### Exercise objective:
Apart from the images, output the data below exactly.

### Data section:
--- START ---
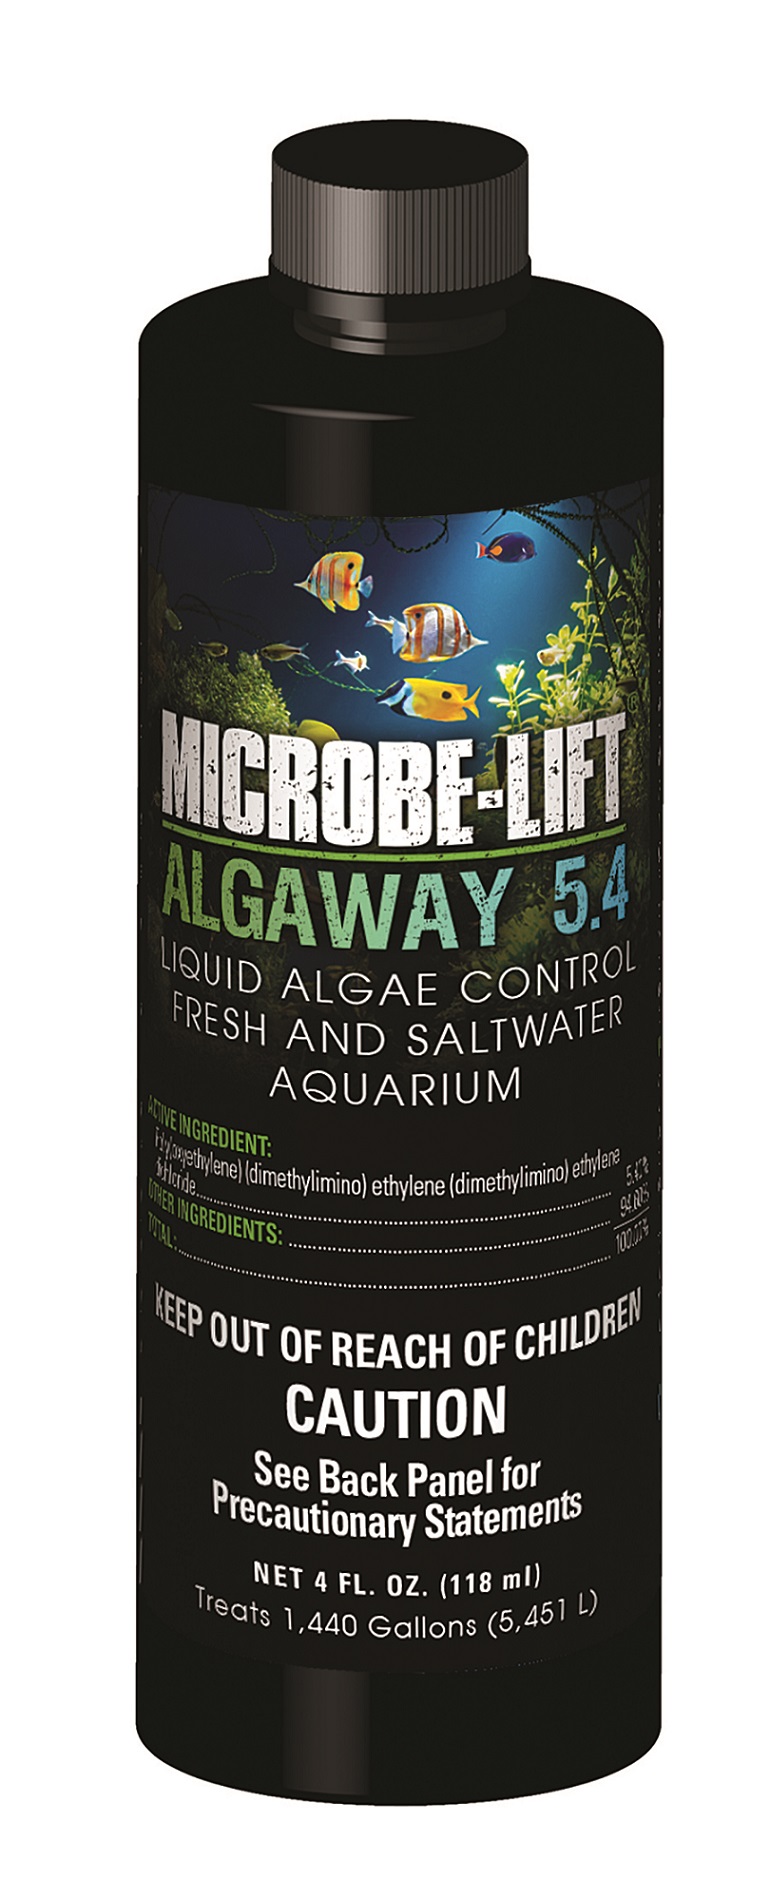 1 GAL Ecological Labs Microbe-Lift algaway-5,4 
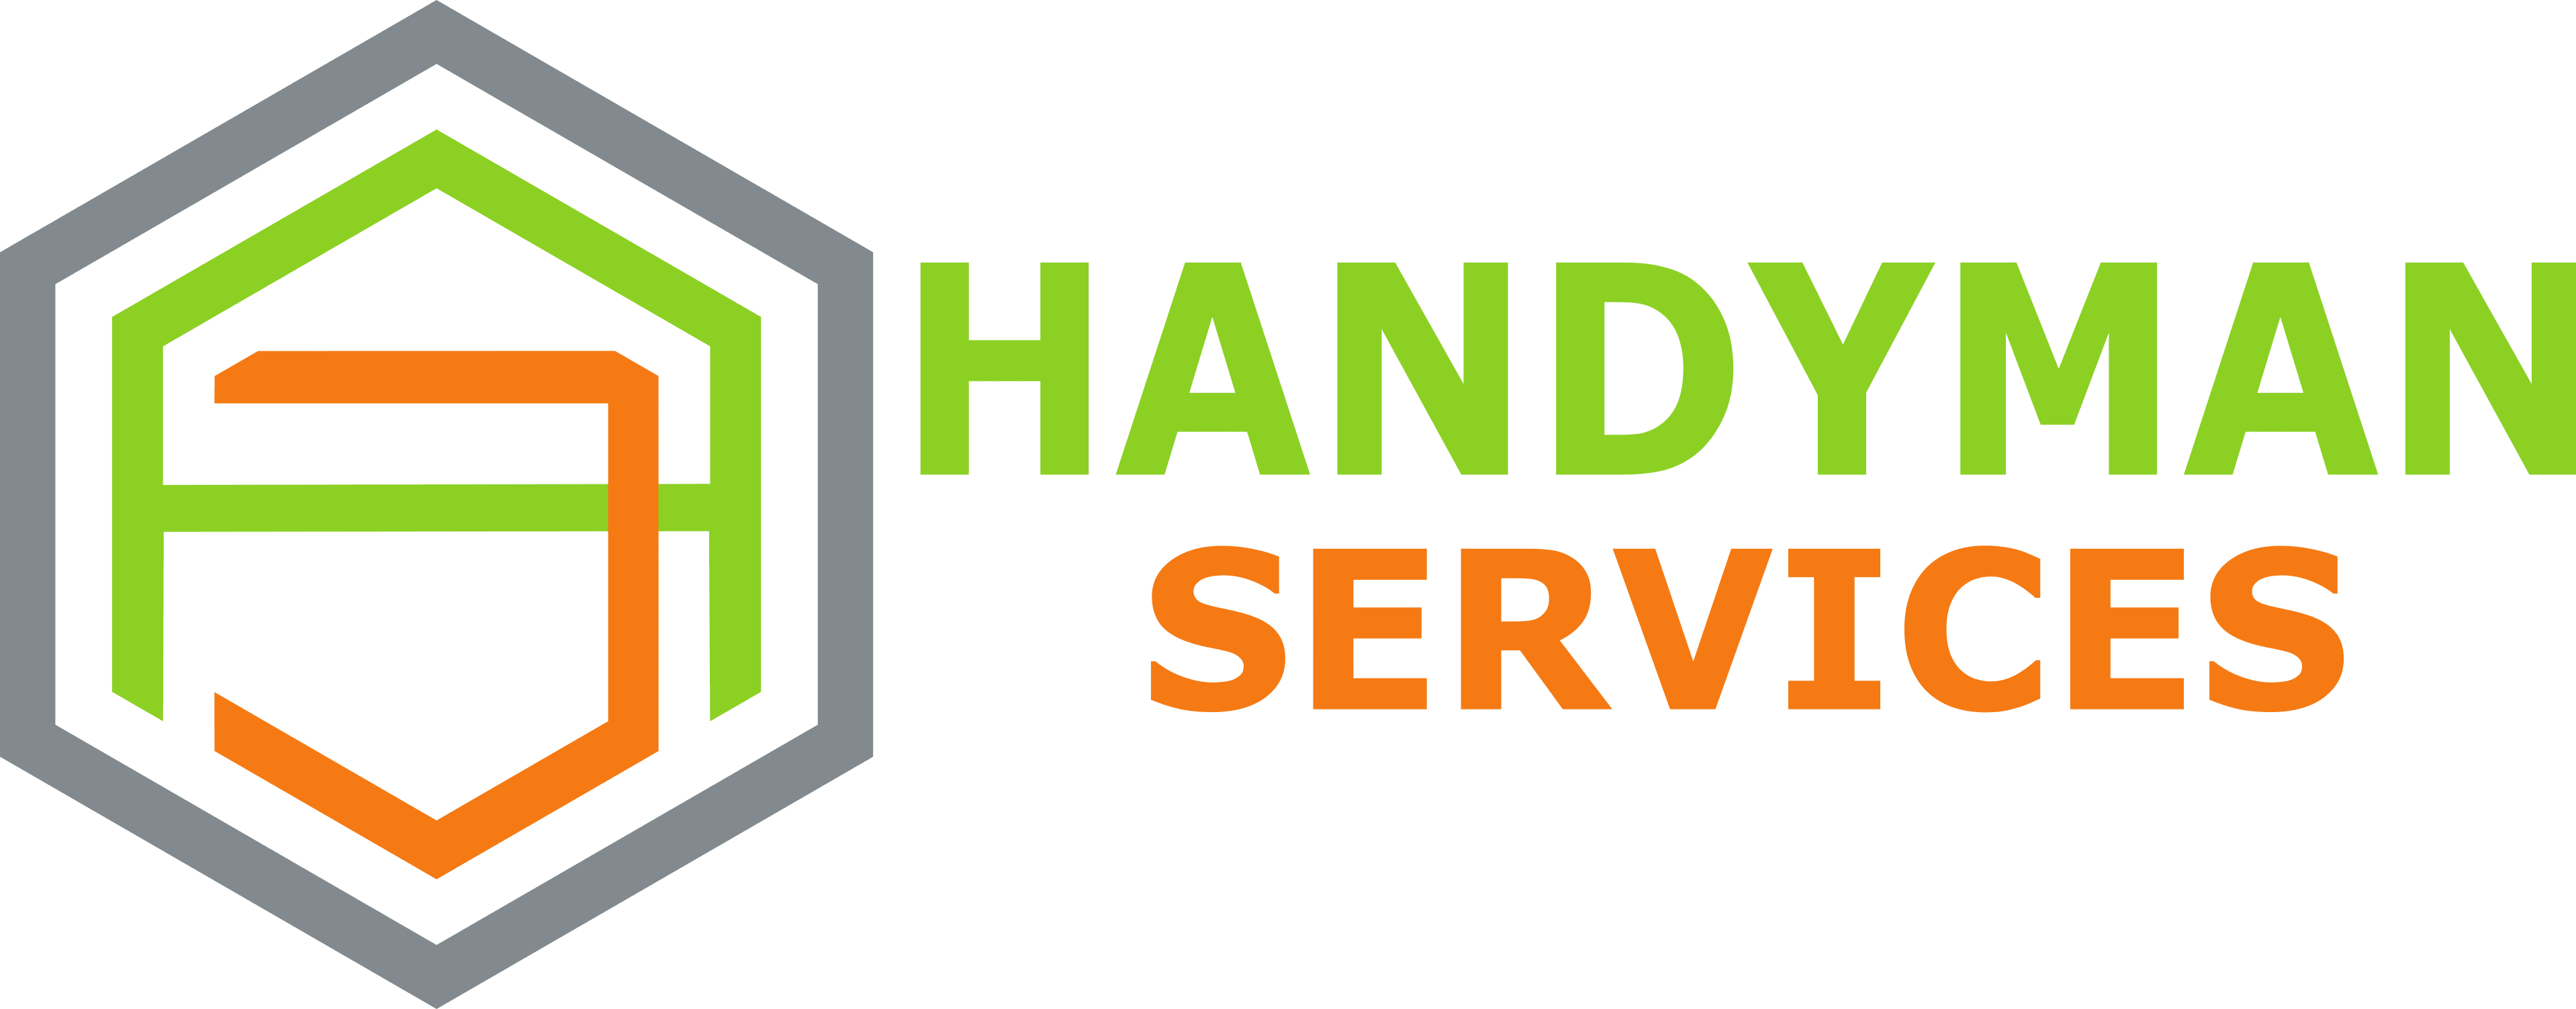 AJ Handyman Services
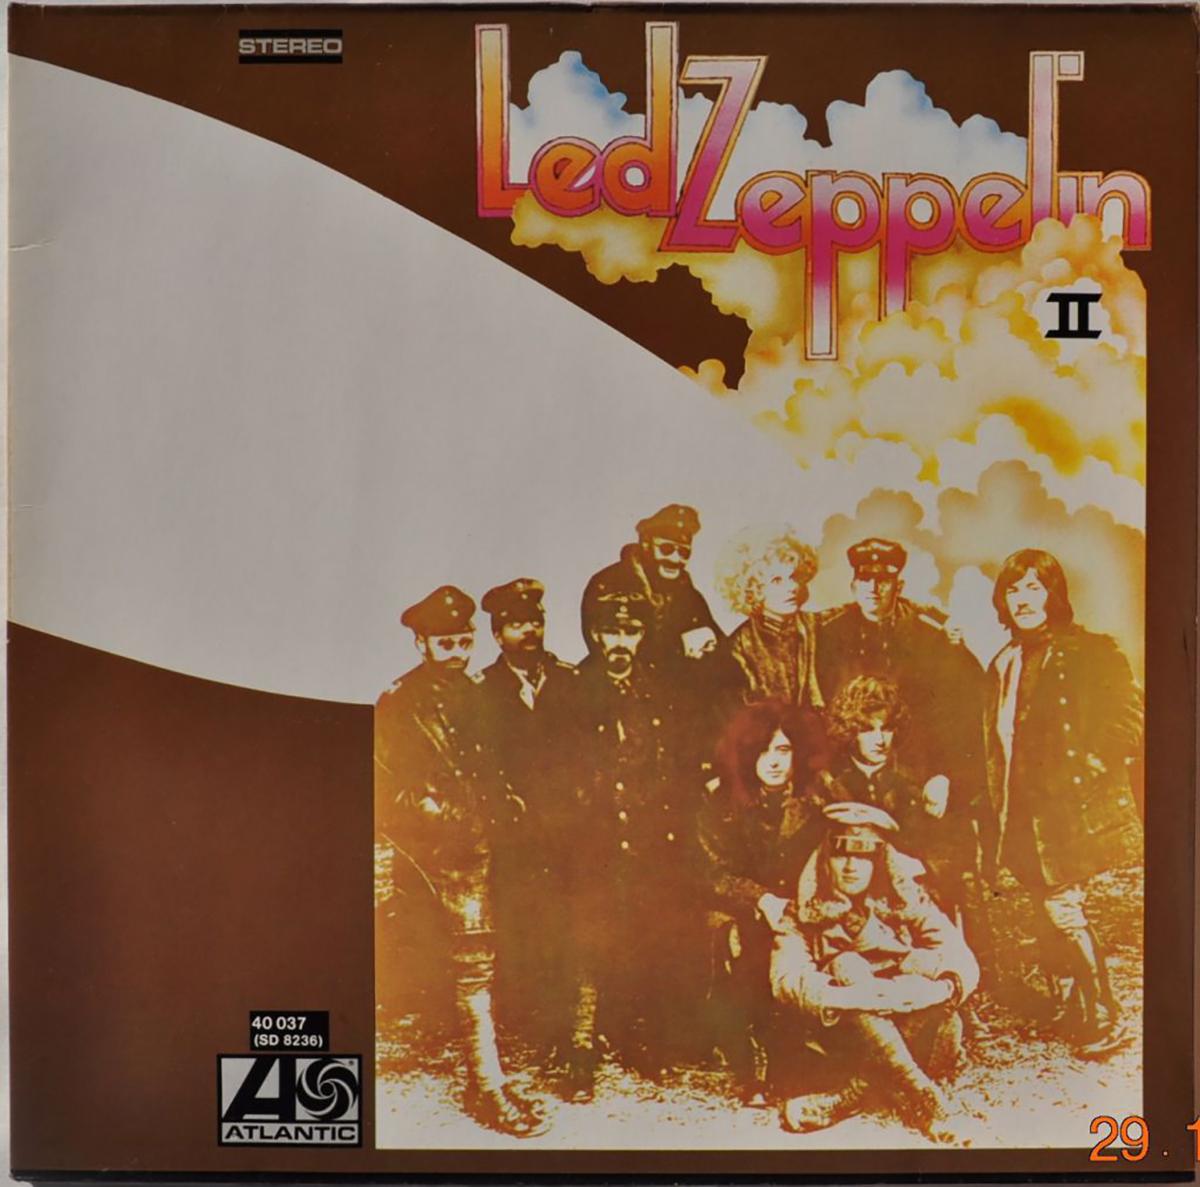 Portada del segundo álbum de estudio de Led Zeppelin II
--- END ---
### Written response:
 1 GAL Ecological Labs Microbe-Lift algaway-5,4 
 AJ Handyman Services
 Portada del segundo álbum de estudio de Led Zeppelin II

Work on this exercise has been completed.